Cuando llega el hijo mayor, también él se coloca egoicamente en el centro. Este hijo pasa del estado de niño interior sumiso al de niño interior rebelde celoso-envidioso, que, enrabietado, poseído por su pulsión egoica, se niega a entrar en la fiesta, es decir, a aceptar esa realidad. Parece querer aguar esa fiesta y que la atención se centre en él y sólo en él (típica actitud infantil). De nuevo el padre se sale de su centro natural (literalmente, sale de la fiesta) y se abaja suplicando al hijo. Este, crecido y engreído, parece no querer dejarse abrazar-integrar, sino que ataca al padre, le reprocha su tacañería. Pero, al hacerlo, delata el dominio egoico al que está sometido: nunca me das nada, yo te sirvo y te obedezco… (se contradice, ya que el padre le dio también a él su parte de la hacienda). Al principio, el hijo menor parecía acreedor de su padre, ahora al final, el mayor adopta la misma pose: exige al amo que le pague sus servicios. Su yo (su falso yo) le impide ver la realidad de que su ser no es ser siervo del amo, sino ser hijo del padre, es decir, ser-en-él. Así se lo explica el padre al final de la historia: «hijo, tú siempre has estado conmigo y todo lo mío es tuyo». Es una proclamación de la unicidad que siempre ha vivido el padre. Aunque el hombre tenga una visión errónea de la realidad y se vea a sí mismo (desde su yo) separado de Dios, la realidad es que Dios siempre es-en-el-hombre, y el hombre siempre es-en-Dios. Y, además, la proclamación de integración paterna implica que los dos hijos son hermanos, es decir que el hombre siempre es en el hombre; que no hay separatidad, sino unicidad, entre todos los seres humanos. Esto no lo ven los hijos desde su ego separado: el menor se fue también de su hermano, y el mayor no considera al menor hermano suyo (en el texto nunca le llama «hermano mío», sino «ese hijo tuyo»).

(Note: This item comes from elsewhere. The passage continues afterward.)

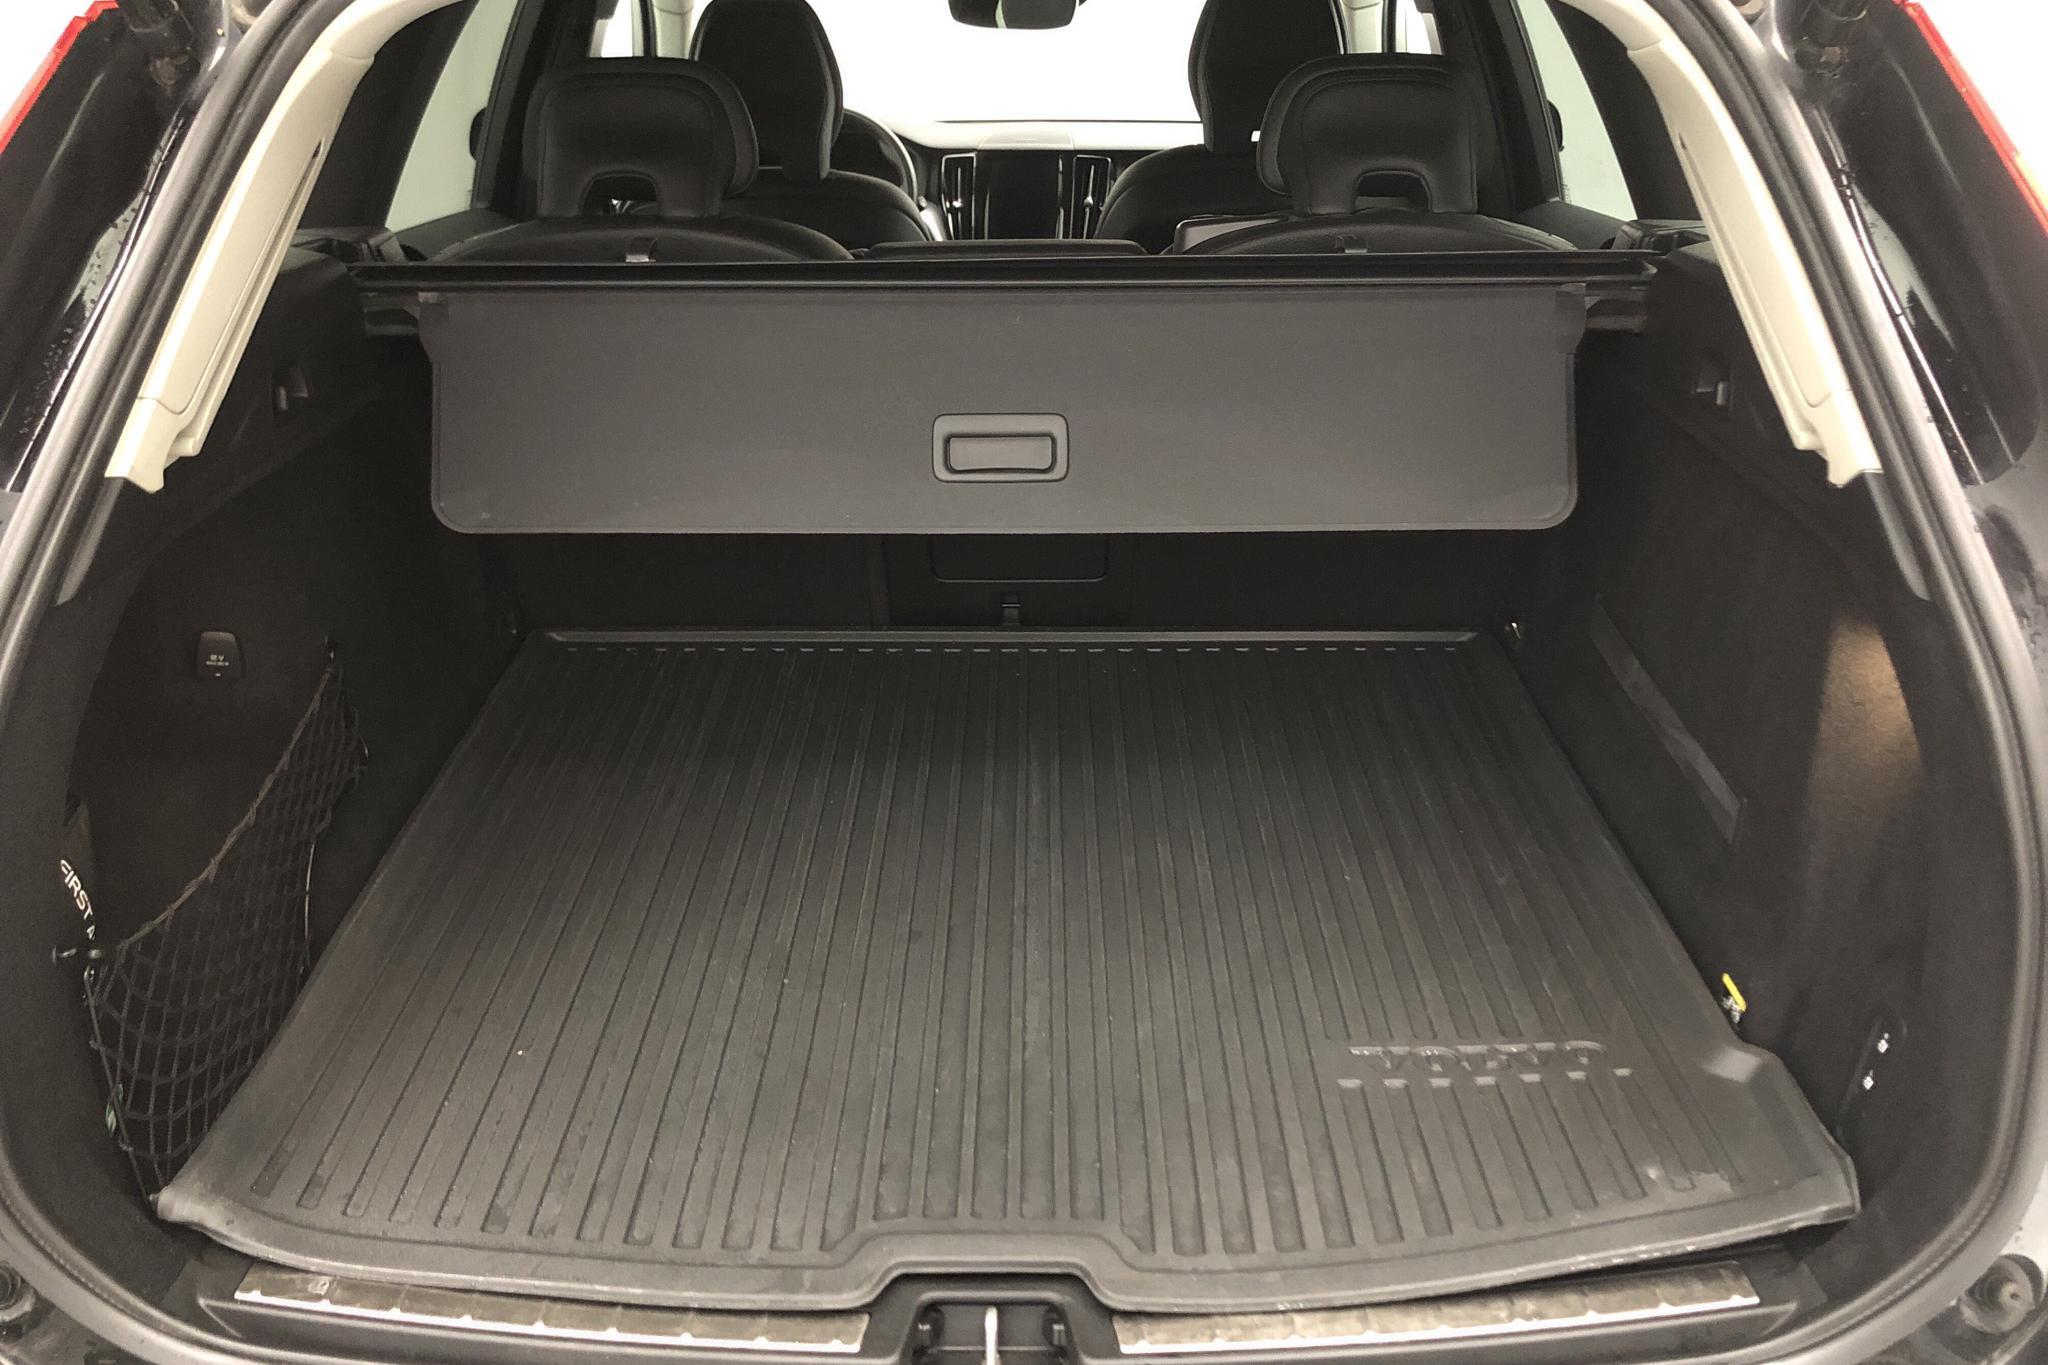 Volvo XC60 T5 AWD (250hk) - 62 600 km - Automatic - black - 2019

El emplazamiento que hace el padre al hijo para que cambie su mirar la realidad, queda abierto. No se dice qué hace este hijo mayor: si sigue con su berrinche egocéntrico o entra en la fiesta de la alegría, del ser. Pero, de la propia parábola se desprende que sólo podrá entrar en la fiesta de la vida, del ser, si desmonta ese andamiaje irreal que habita en su mente, si deja de pensar en su yo separado y se abaja y se hace último en lugar de primero (protagonista); si, como su hermano menor, desanda ese camino mental de separatidad y se vivencia en su padre (y, con ello, en su hermano), es decir, en el amor festivo e indiscriminado que significa el «nosotros». Sólo abajándose a la pequeñez de sus limitaciones podrá entrar en ese ámbito de vida-fiesta y abrazar y ser abrazado, es decir, integrado vitalmente en la esfera imperecedera del ser.

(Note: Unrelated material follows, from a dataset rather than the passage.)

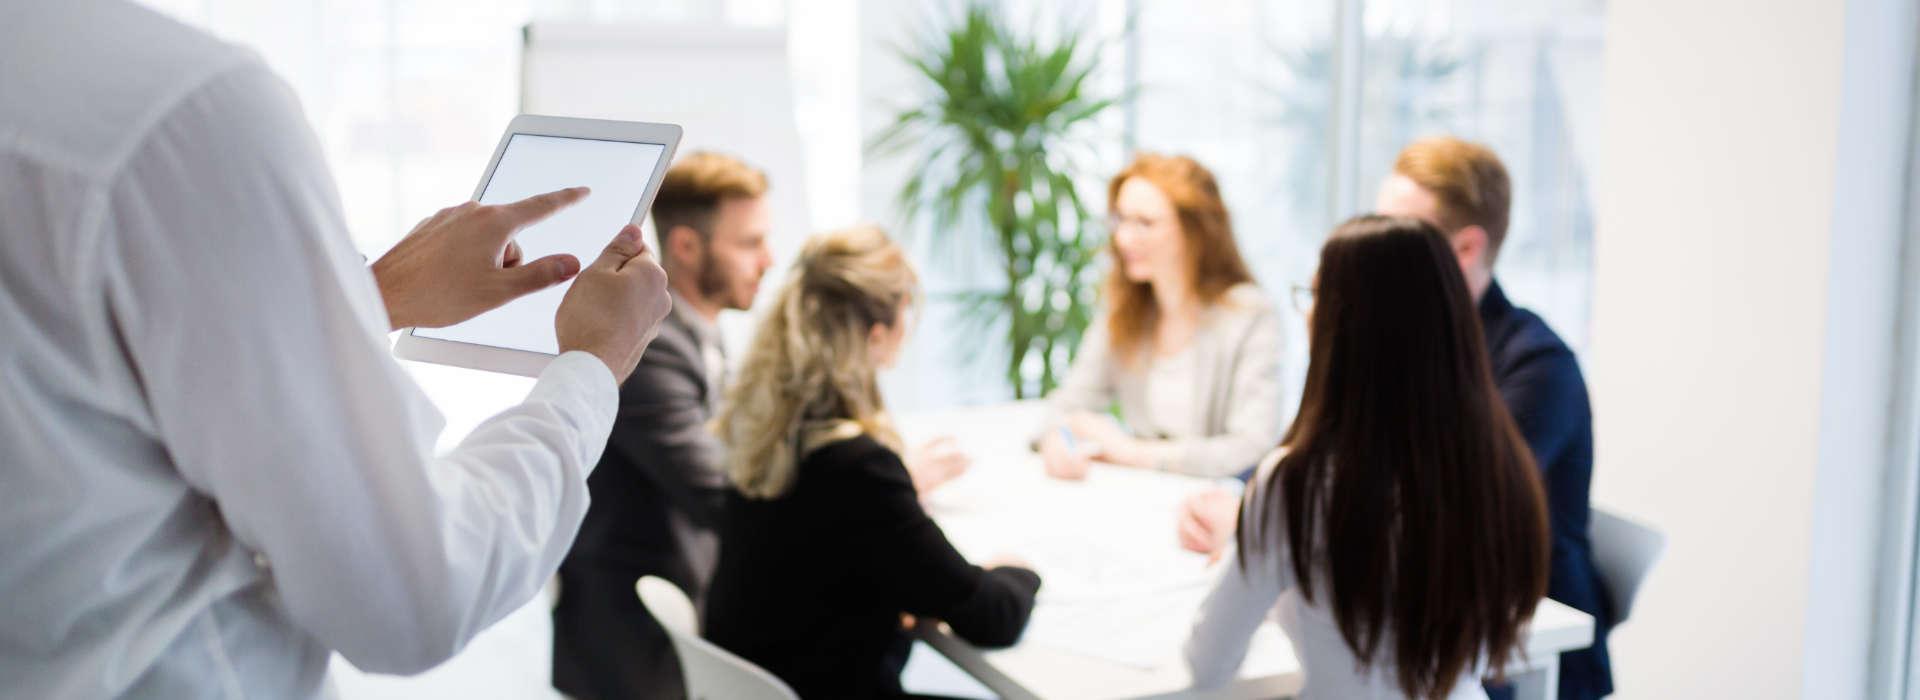 Sociedad Mercantil - El Asesor Online

Quizás Jesús concluyó la parábola con este final abierto porque entendía la dificultad de realizar ese camino de retorno al ser originario. La parábola es magnífica y sugerente en su exposición, y certera en su diagnóstico. Lo que en ella se dice es «verdad del evangelio», es decir, es camino de realización y de salvación.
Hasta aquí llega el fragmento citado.